Correlation Between Aqr Global and Hartford Healthcare
Can any of the company-specific risk be diversified away by investing in both Aqr Global and Hartford Healthcare at the same time? Although using a correlation coefficient on its own may not help to predict future stock returns, this module helps to understand the diversifiable risk of combining Aqr Global and Hartford Healthcare into the same portfolio, which is an essential part of the fundamental portfolio management process.
By analyzing existing cross correlation between Aqr Global Equity and Hartford Healthcare Hls, you can compare the effects of market volatilities on Aqr Global and Hartford Healthcare and check how they will diversify away market risk if combined in the same portfolio for a given time horizon. You can also utilize pair trading strategies of matching a long position in Aqr Global with a short position of Hartford Healthcare. Check out your portfolio center. Please also check ongoing floating volatility patterns of Aqr Global and Hartford Healthcare.
Diversification Opportunities for Aqr Global and Hartford Healthcare
0.6 | Correlation Coefficient |
Poor diversification
The 3 months correlation between Aqr and Hartford is 0.6. Overlapping area represents the amount of risk that can be diversified away by holding Aqr Global Equity and Hartford Healthcare Hls in the same portfolio, assuming nothing else is changed. The correlation between historical prices or returns on Hartford Healthcare Hls and Aqr Global is a relative statistical measure of the degree to which these equity instruments tend to move together. The correlation coefficient measures the extent to which returns on Aqr Global Equity are associated (or correlated) with Hartford Healthcare. Values of the correlation coefficient range from -1 to +1, where.

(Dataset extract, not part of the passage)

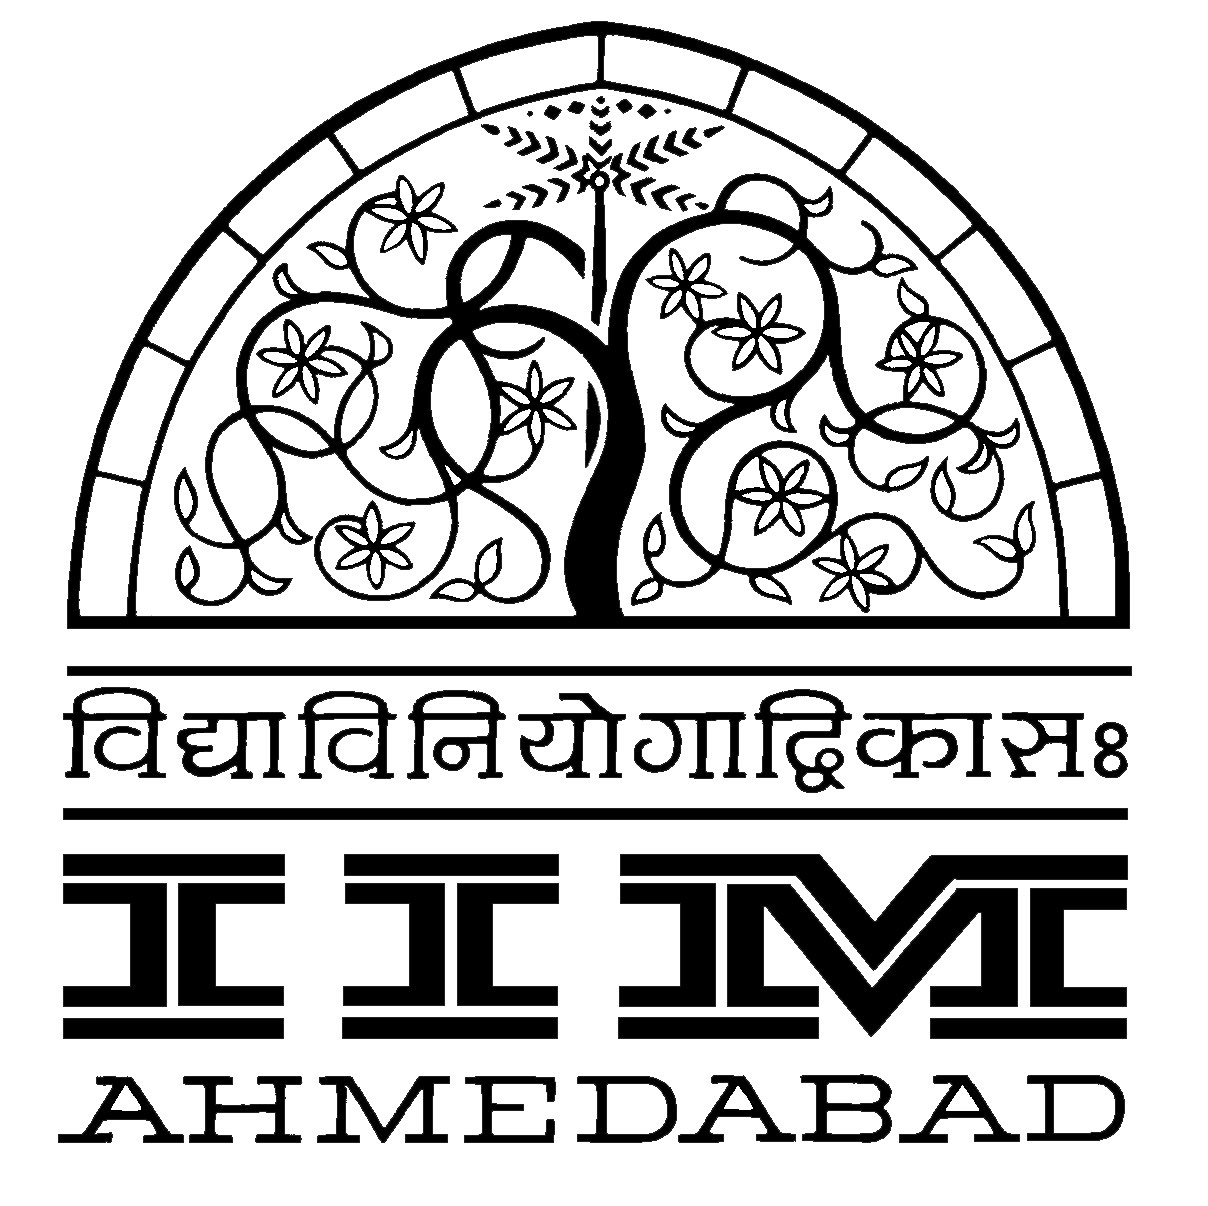 इंडियन इंस्टीट्यूट ऑफ मैनेजमेंट-अहमदाबाद के लोगो बदलने के विचार पर विरोध कर रहे 45 प्रोफेसर।

The correlation of zero (0) is possible when the price movement of Hartford Healthcare Hls has no effect on the direction of Aqr Global i.e., Aqr Global and Hartford Healthcare go up and down completely randomly.

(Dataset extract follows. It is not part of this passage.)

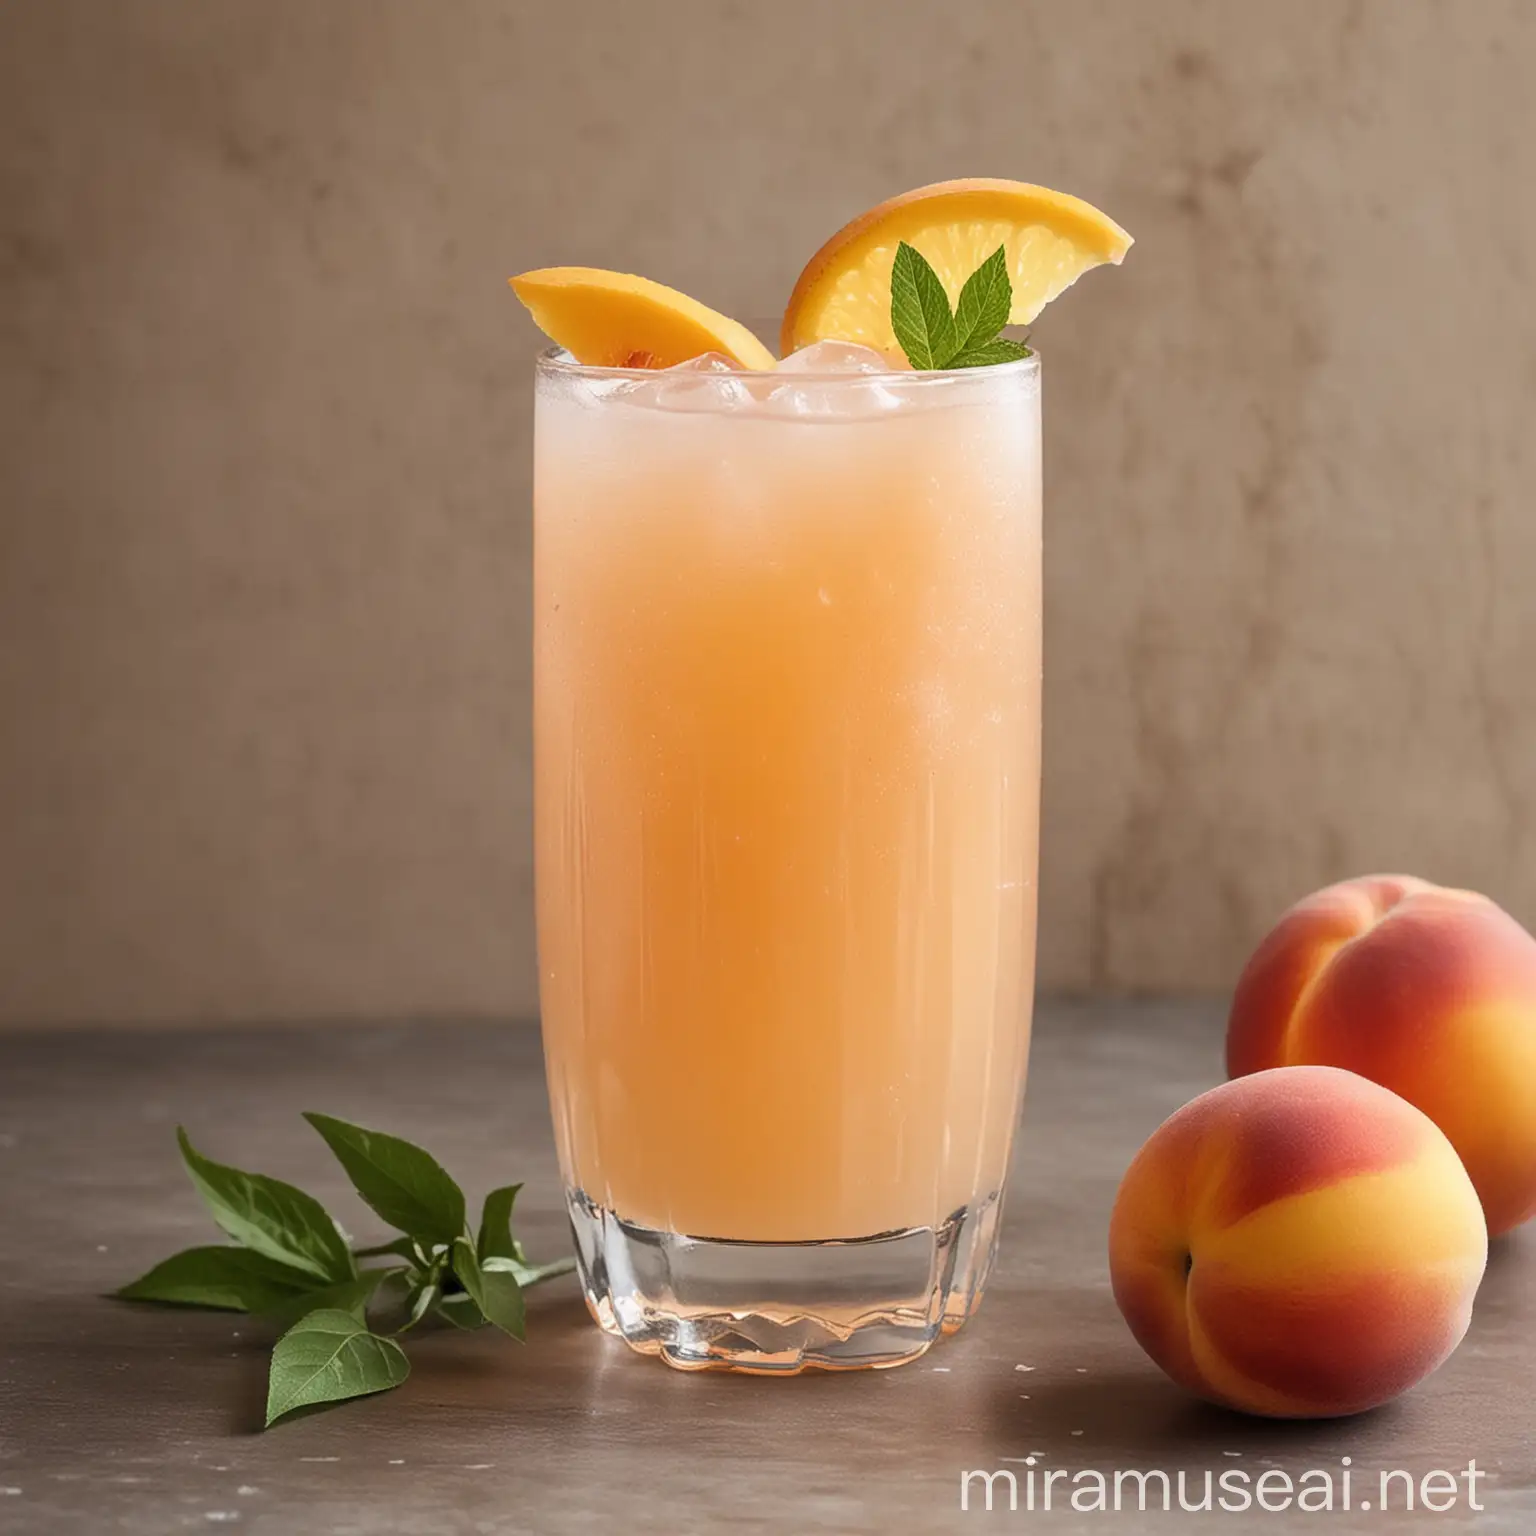 Peach lemonade

Pair Corralation between Aqr Global and Hartford Healthcare
Assuming the 90 days horizon Aqr Global Equity is expected to generate 1.06 times more return on investment than Hartford Healthcare. However, Aqr Global is 1.06 times more volatile than Hartford Healthcare Hls. It trades about 0.21 of its potential returns per unit of risk. Hartford Healthcare Hls is currently generating about 0.12 per unit of risk. If you would invest 1,051 in Aqr Global Equity on December 2, 2024 and sell it today you would earn a total of 77.00 from holding Aqr Global Equity or generate 7.33% return on investment over 90 days.

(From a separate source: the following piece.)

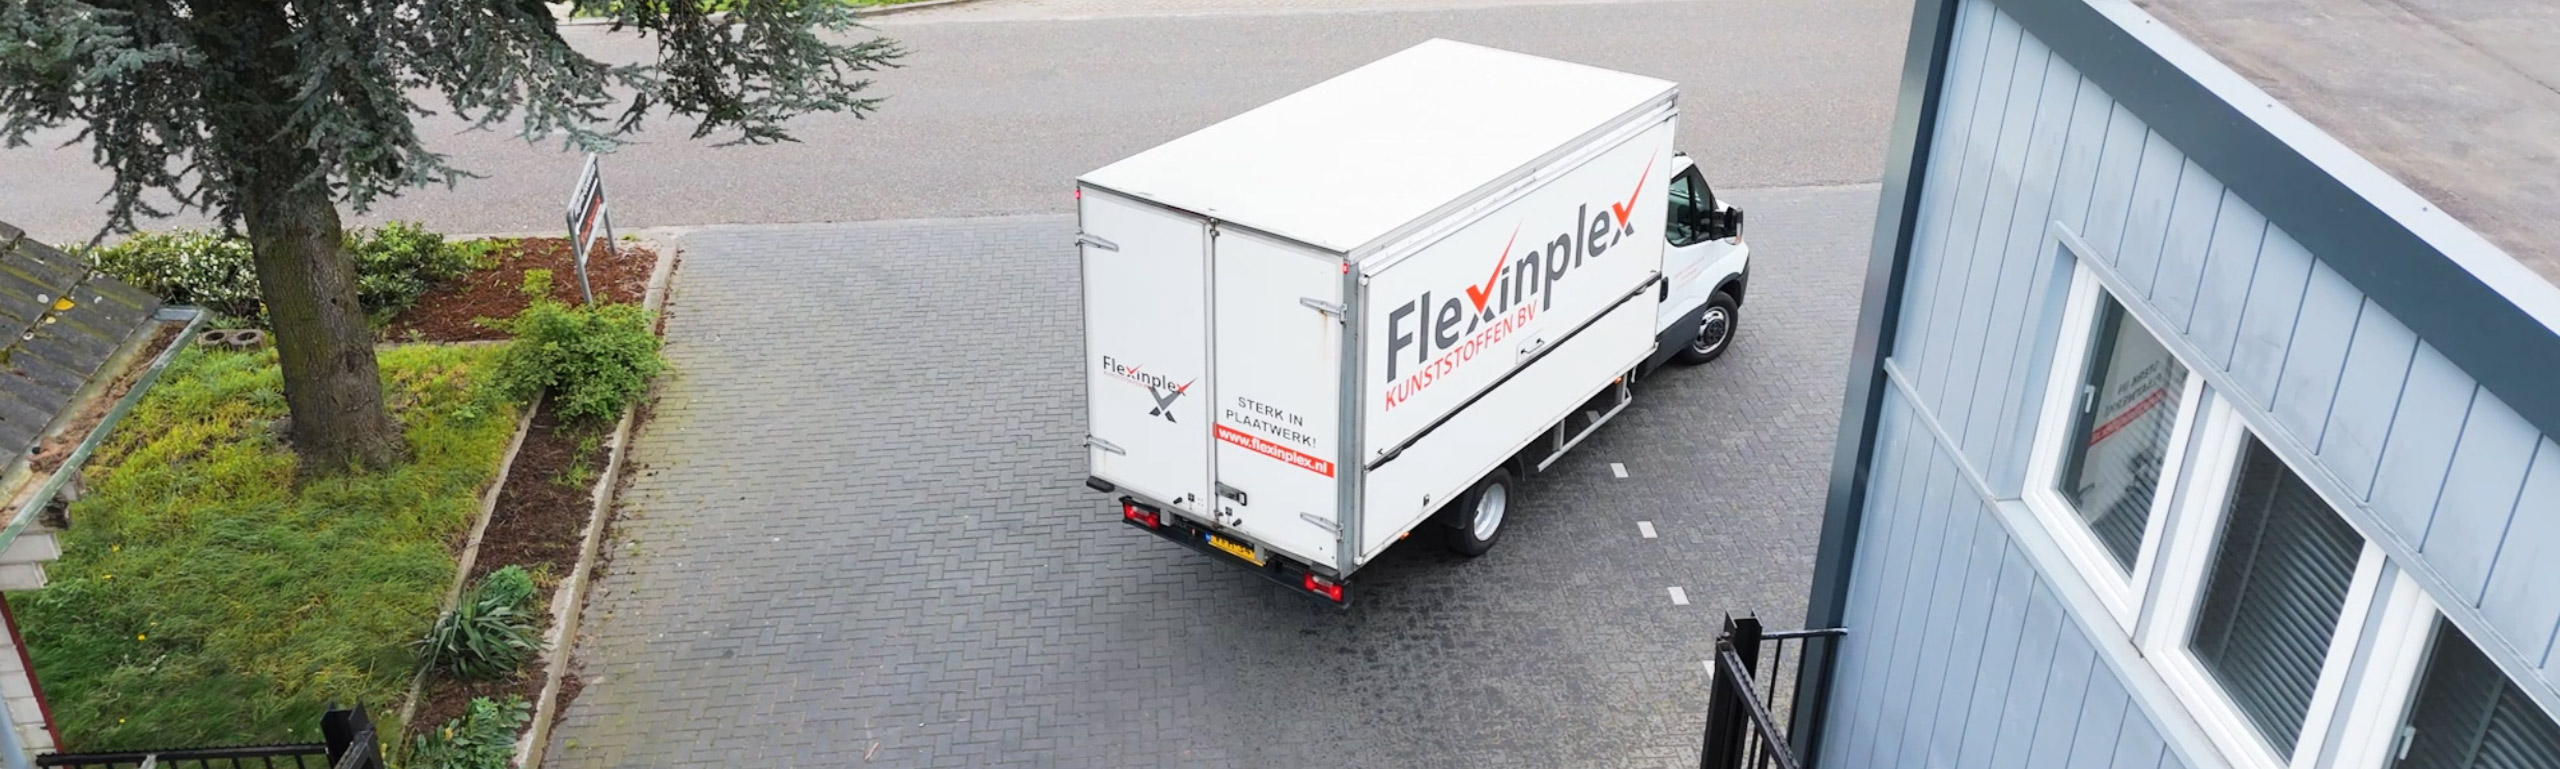 Flexinplex

Time Period | 3 Months [change] |
Direction | Moves Together |
Strength | Significant |
Accuracy | 100.0% |
Values | Daily Returns |
Aqr Global Equity vs. Hartford Healthcare Hls
Performance |
Timeline |
Aqr Global Equity |
Hartford Healthcare Hls |
Aqr Global and Hartford Healthcare Volatility Contrast
Predicted Return Density |
Returns |
Pair Trading with Aqr Global and Hartford Healthcare
The main advantage of trading using opposite Aqr Global and Hartford Healthcare positions is that it hedges away some unsystematic risk. Because of two separate transactions, even if Aqr Global position performs unexpectedly, Hartford Healthcare can make up some of the losses. Pair trading also minimizes risk from directional movements in the market. For example, if an entire industry or sector drops because of unexpected headlines, the short position in Hartford Healthcare will offset losses from the drop in Hartford Healthcare's long position.Aqr Global vs. Artisan High Income | Aqr Global vs. Ab Bond Inflation | Aqr Global vs. Praxis Impact Bond | Aqr Global vs. Multisector Bond Sma |
Hartford Healthcare vs. The Hartford International | Hartford Healthcare vs. Jpmorgan Large Cap | Hartford Healthcare vs. Ab Centrated International | Hartford Healthcare vs. Morgan Stanley Institutional |
Check out your portfolio center.Note that this page's information should be used as a complementary analysis to find the right mix of equity instruments to add to your existing portfolios or create a brand new portfolio. You can also try the Sectors module to list of equity sectors categorizing publicly traded companies based on their primary business activities.